Furthermore, different families can behave differently and what works well for one is not necessarily the best approach for another. So I’m uncertain that any single pipeline will ever be completely reliable for every family, hence the importance of manual inspection and curation for very detailed analyses of protein families.

However, the review is still valuable in highlighting tools that can be beneficial when used together (ie by a curator consulting the predictions from each tool) and in reinforcing the need for funding to support manual curations effects such as HAMAP!

Minor points

1. Table 1 is confusing – why are some paralog pairs mapping to more than one COG cluster.

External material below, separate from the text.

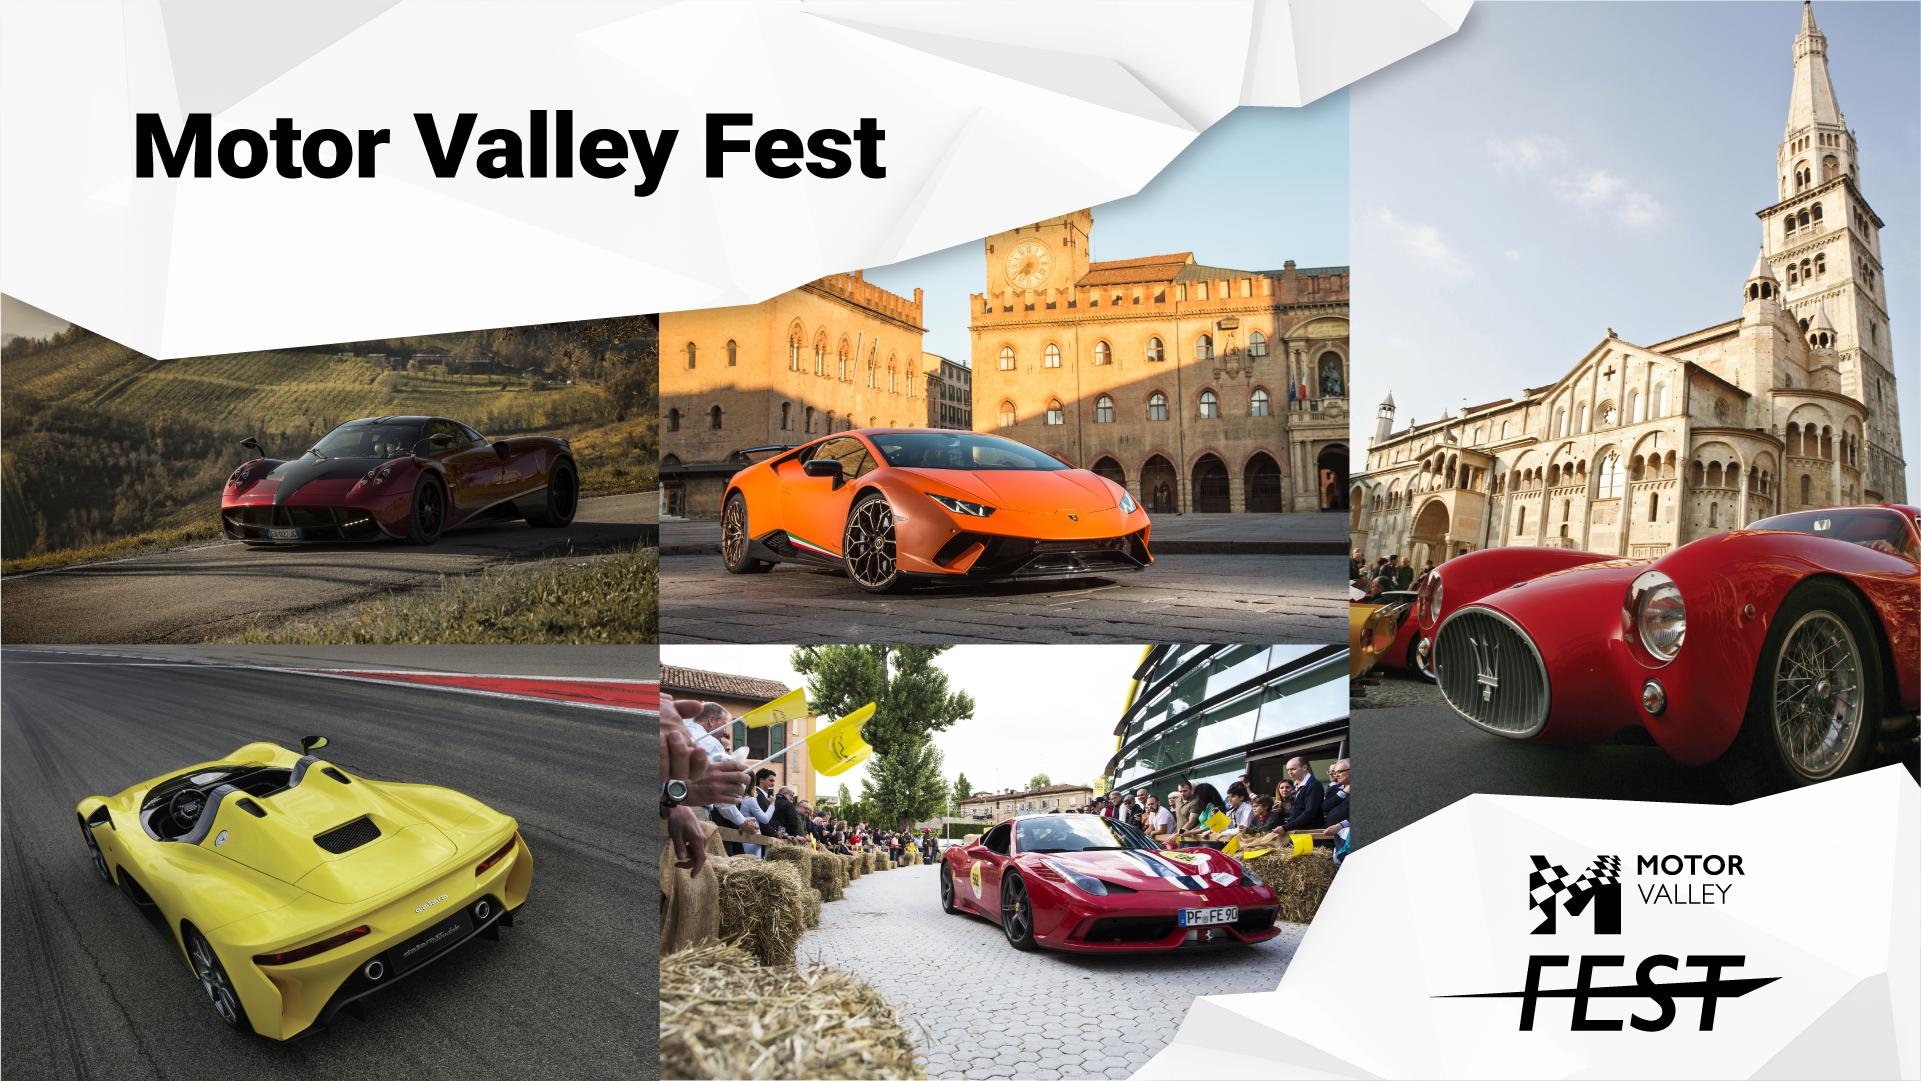 Motor Valley Fest 2019

It would be helpful to know the sequence identity for these example pairs. Its not clear to me what makes these examples particularly interesting. I’m assuming they were difficult to identify by standard sequence comparison based techniques but that’s clear from the table.

2. What version of COG is used? – this resource is very out of date. It would have been better to refer to EggNog.

3. To what extent does similarity in genome context imply similarity in function? Have any quantitative analyses been performed?  Surely there is the same scope for divergence in function as with considering divergence in proteins having only one residue mutation. In fact the authors show that Genetic Neighbourhood Networks don’t really work that well either!

4. Relatively recent work by the group of Christophe Dessimov has also suggested that Orthologs are not always as functionally conserved as paralogs. The authors might want to cite this work.

5. The manuscript seems rather hastily written in parts (some resources were not given their correct names) and some paragraphs were very confusing. I am not aware of SFLD using fully automatic methods for generating functional subfamilies. They use experimental data and manual curation although their classification is guided by sequence similarity networks (SSNs). The manual inspection and intervention combined with the experimental analyses is what makes SFLD such a reliable resource for benchmarking automated approaches. CATH-Gene3D FunFams (there is no resource called CATH-3D) comprises 110,000 functional families (Das et al, Bioinformatics, ref). CATH-Gene3D FunFams is applied on a whole genome scale ie all proteins from completed genomes that can be assigned to CATH-Gene3D superfamilies are functionally classified.  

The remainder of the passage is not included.